Abstract

The most ancient genres of oral literature date back to the time when one ritual specialist performed the functions of epic singer, shaman, and priest. Once studied in Siberia and Central Asia, these ancient forms are better preserved nowadays in insular Southeast Asia (Stanyukovich forthcoming). The Ifugao hudhud oral tradition, which I have been studying for the last two decades, is the core of ritual and ideology among highlanders of Northern Luzon, Philippines. The Ifugao are wet-rice cultivators who until the early twentieth century practiced headhunting, preserving their traditional society with no political and very loose territorial organization. The hudhud meets all the standards typical of heroic epic patterns, including plot structure and formulaic style (Stanyukovich 1983).

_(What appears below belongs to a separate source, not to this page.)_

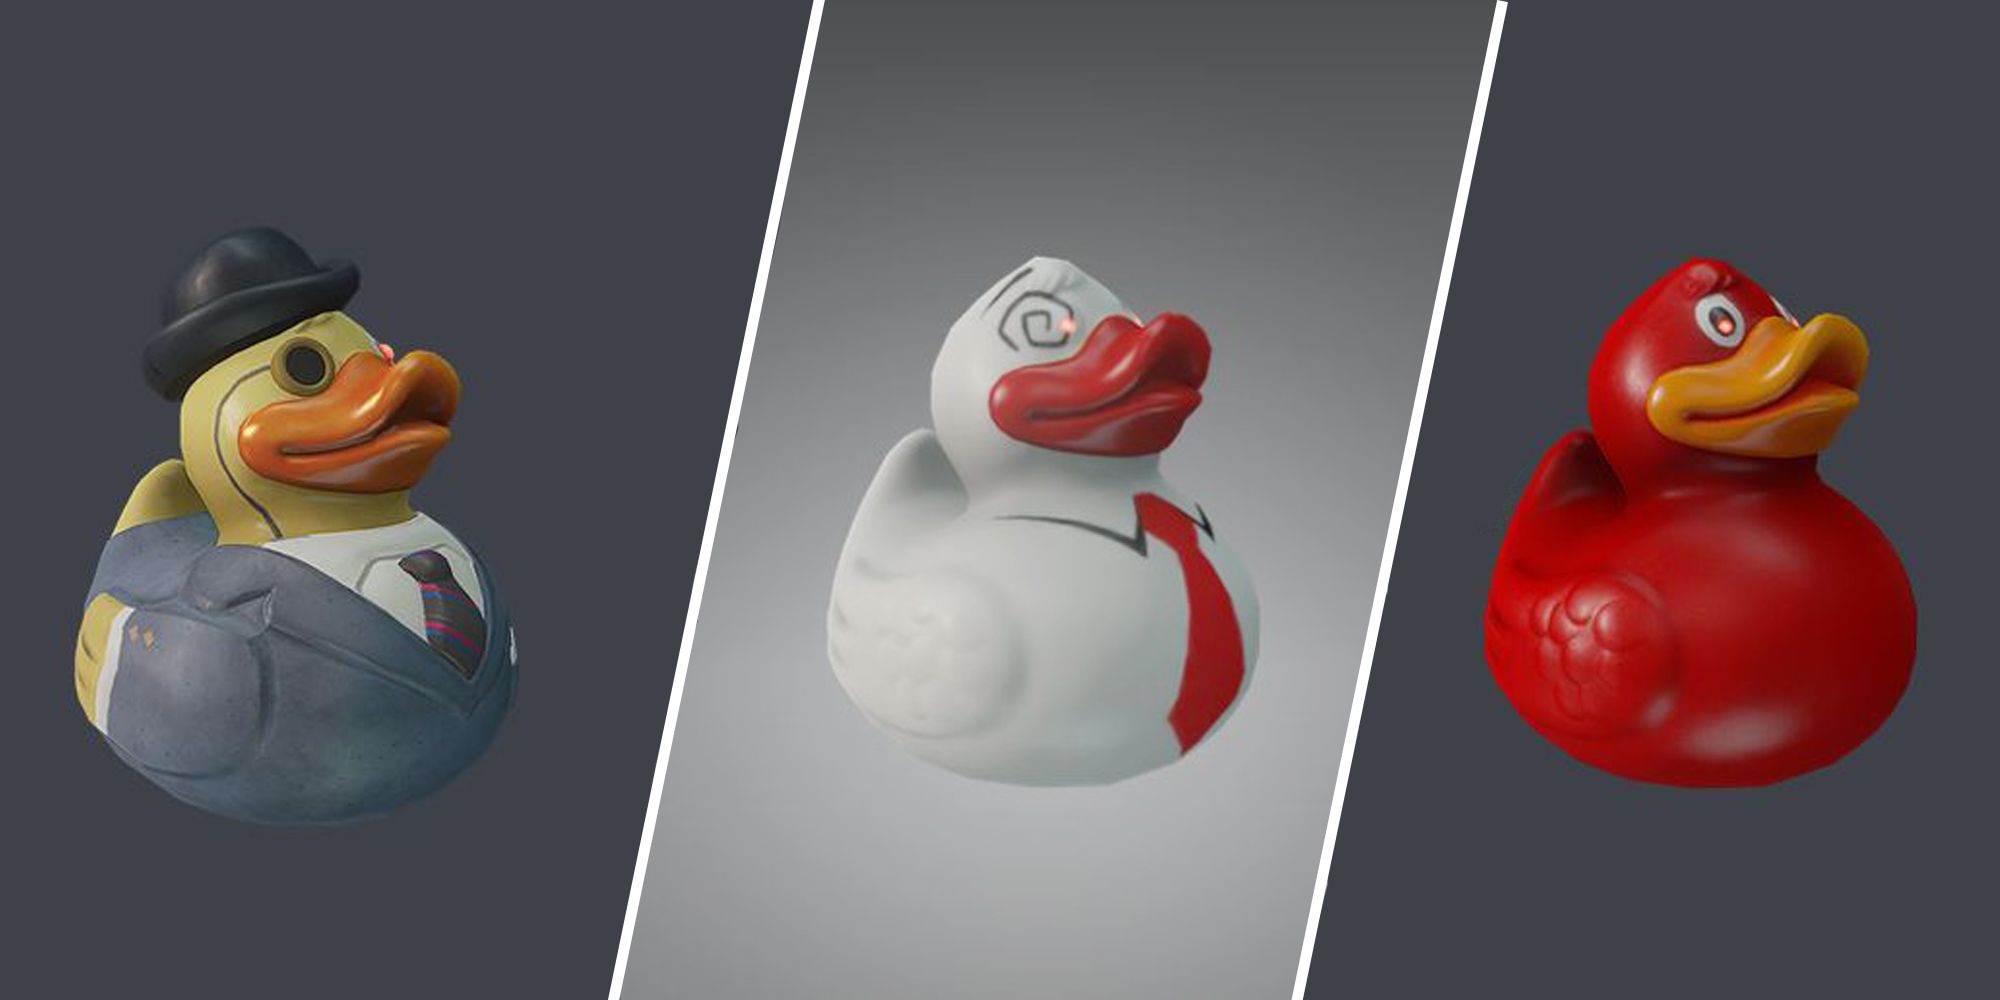 Three explosive rubber ducks from the Hitman games

At the same time it is a highly archaic combination of heroic epics and shamanistic narratives. The hudhud characters are regarded as ancestors and incorporated into the male pantheon as part of the Hulupe class of benevolent deities. The female ideology that looks so much out-of-place in the genre of the heroic epic is another striking characteristic of the hudhud. It emerges that while male epic concentrates on violence, expressed through a system of headhunting based on rage, enmity, and vengeance, female epic concentrates on the problem of peacemaking and represents a tradition of heroic exploits in which no blood whatsoever is spilled. After a series of battles during which no one is either killed or wounded, the principal hudhud characters exchange sisters and celebrate a double marriage. That means a total elimination of enmity: the next generation will have no enemies (Stanyukovich 2000). The most urgent study in regard to hudhud is the comparison of three genres of Ifugao folklore. The first is “pure” heroic epic. The second is hudhud di nate (“funeral song / song of the dead”), which I was lucky to find and record in the areas south of Kiangan. It is a shamanistic song performed in the same manner as epic, “pushing” the soul toward the abode of the dead.